Top of SOURCE RECORDS
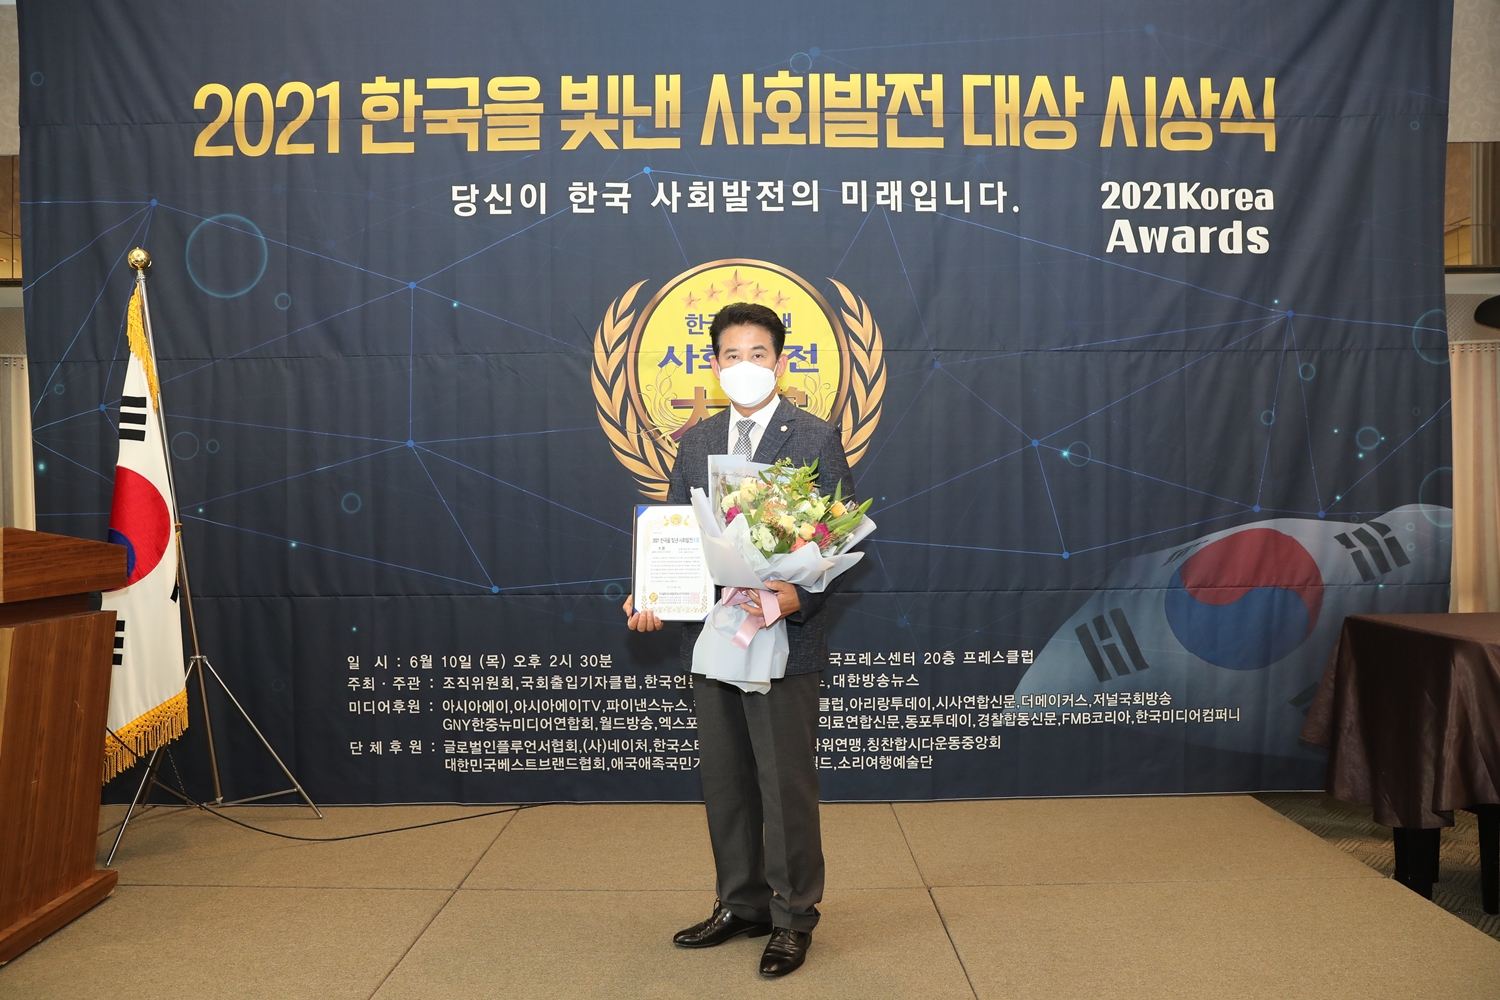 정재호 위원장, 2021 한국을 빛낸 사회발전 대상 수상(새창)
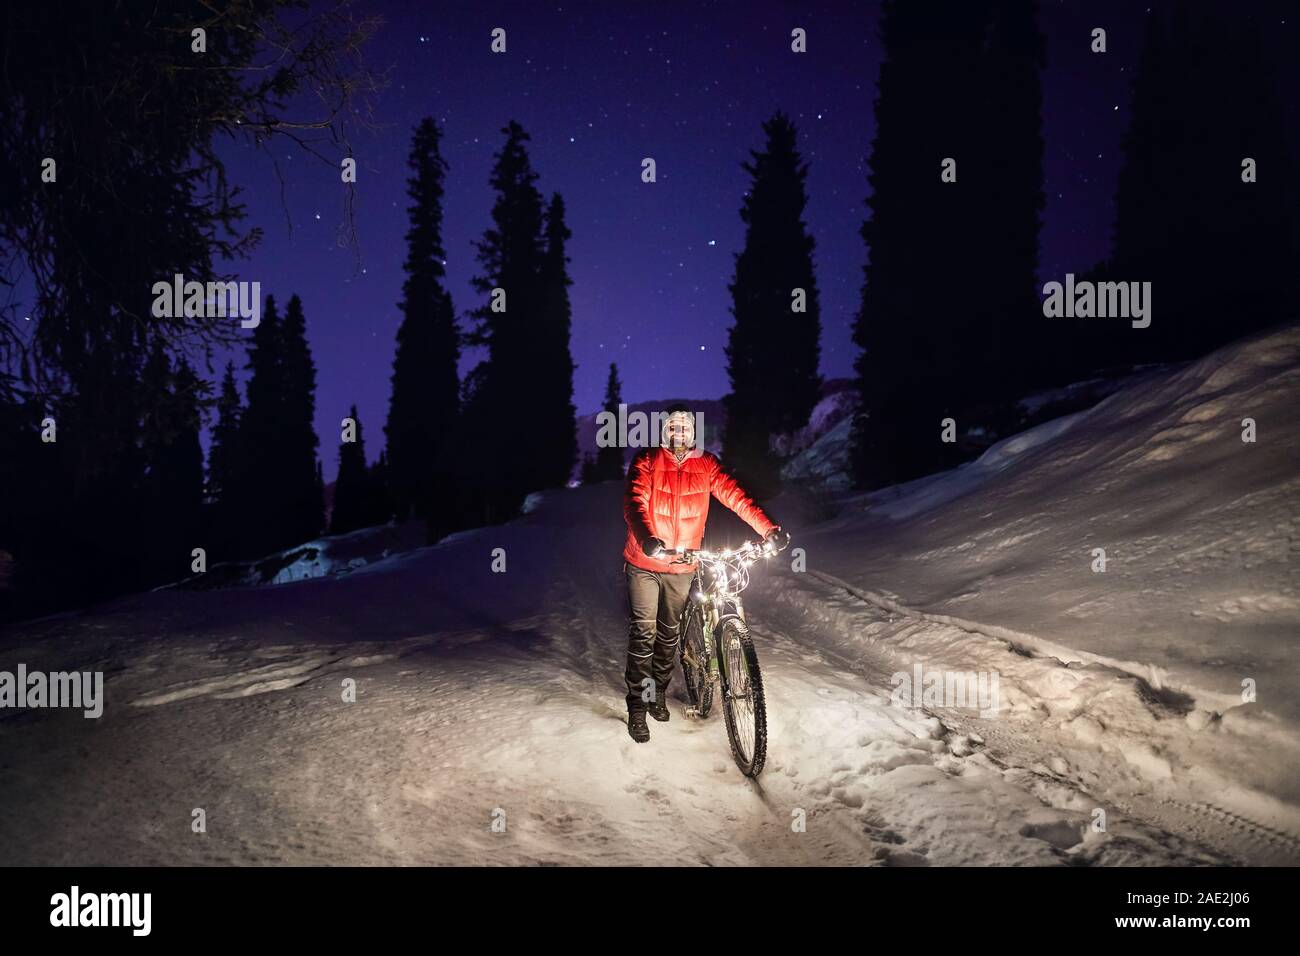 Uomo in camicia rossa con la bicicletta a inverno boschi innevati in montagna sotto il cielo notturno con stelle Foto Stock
Bottom of SOURCE RECORDS
Top of SOURCE RECORDS
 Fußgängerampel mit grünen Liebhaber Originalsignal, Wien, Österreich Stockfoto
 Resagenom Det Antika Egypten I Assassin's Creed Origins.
Bottom of SOURCE RECORDS
Top of SOURCE RECORDS
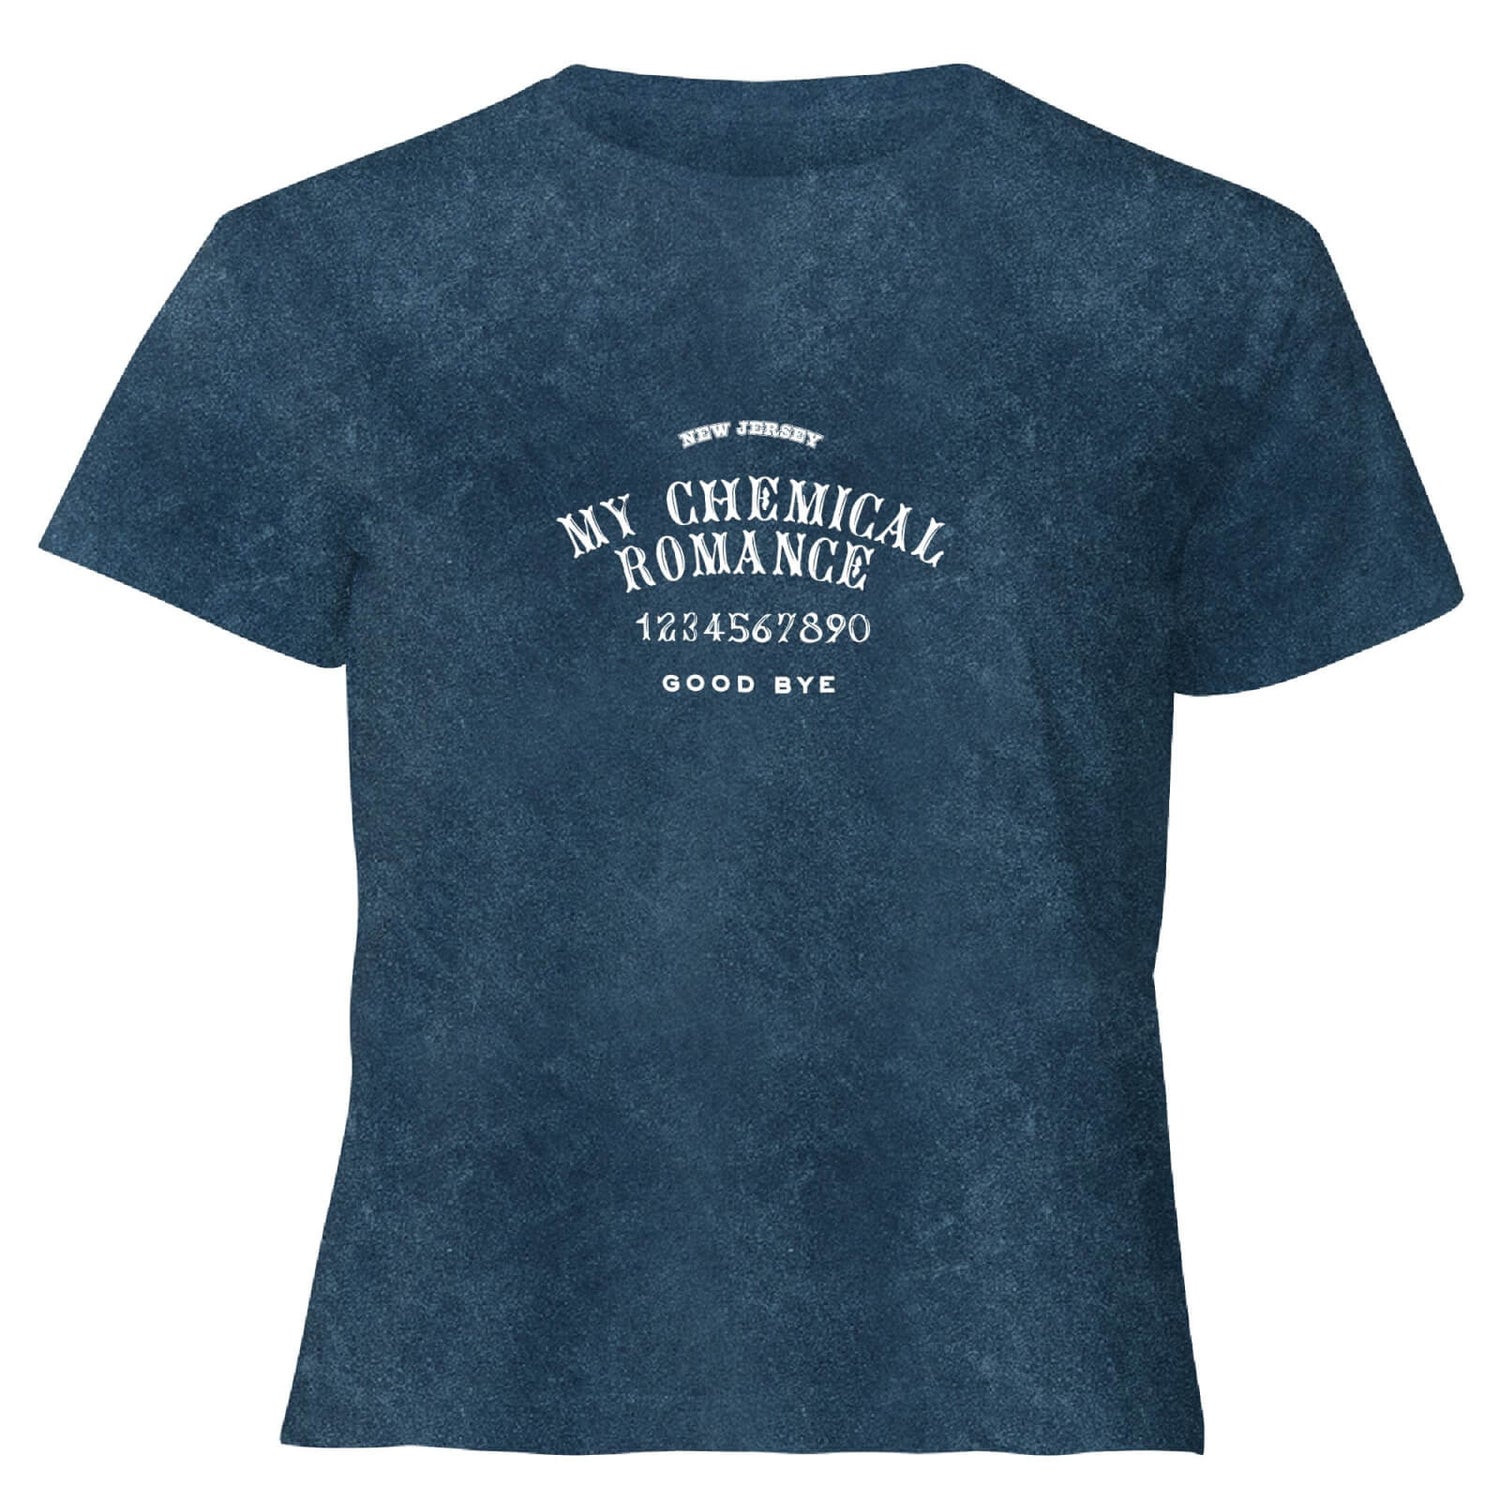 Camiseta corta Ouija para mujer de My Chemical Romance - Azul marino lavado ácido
Bottom of SOURCE RECORDS
▶ [WHAT TO DO]:
When you reach the line holding "정재호 위원장, 2021 한국을 빛낸 사회발전 대상 수상(새창)" in the listing above, begin retyping exactly, and stop once the line holding "Uomo in camicia" is done; pictures stay out.

▶ [FINISHED TASK]:
 정재호 위원장, 2021 한국을 빛낸 사회발전 대상 수상(새창)
 Uomo in camicia rossa con la bicicletta a inverno boschi innevati in montagna sotto il cielo notturno con stelle Foto Stock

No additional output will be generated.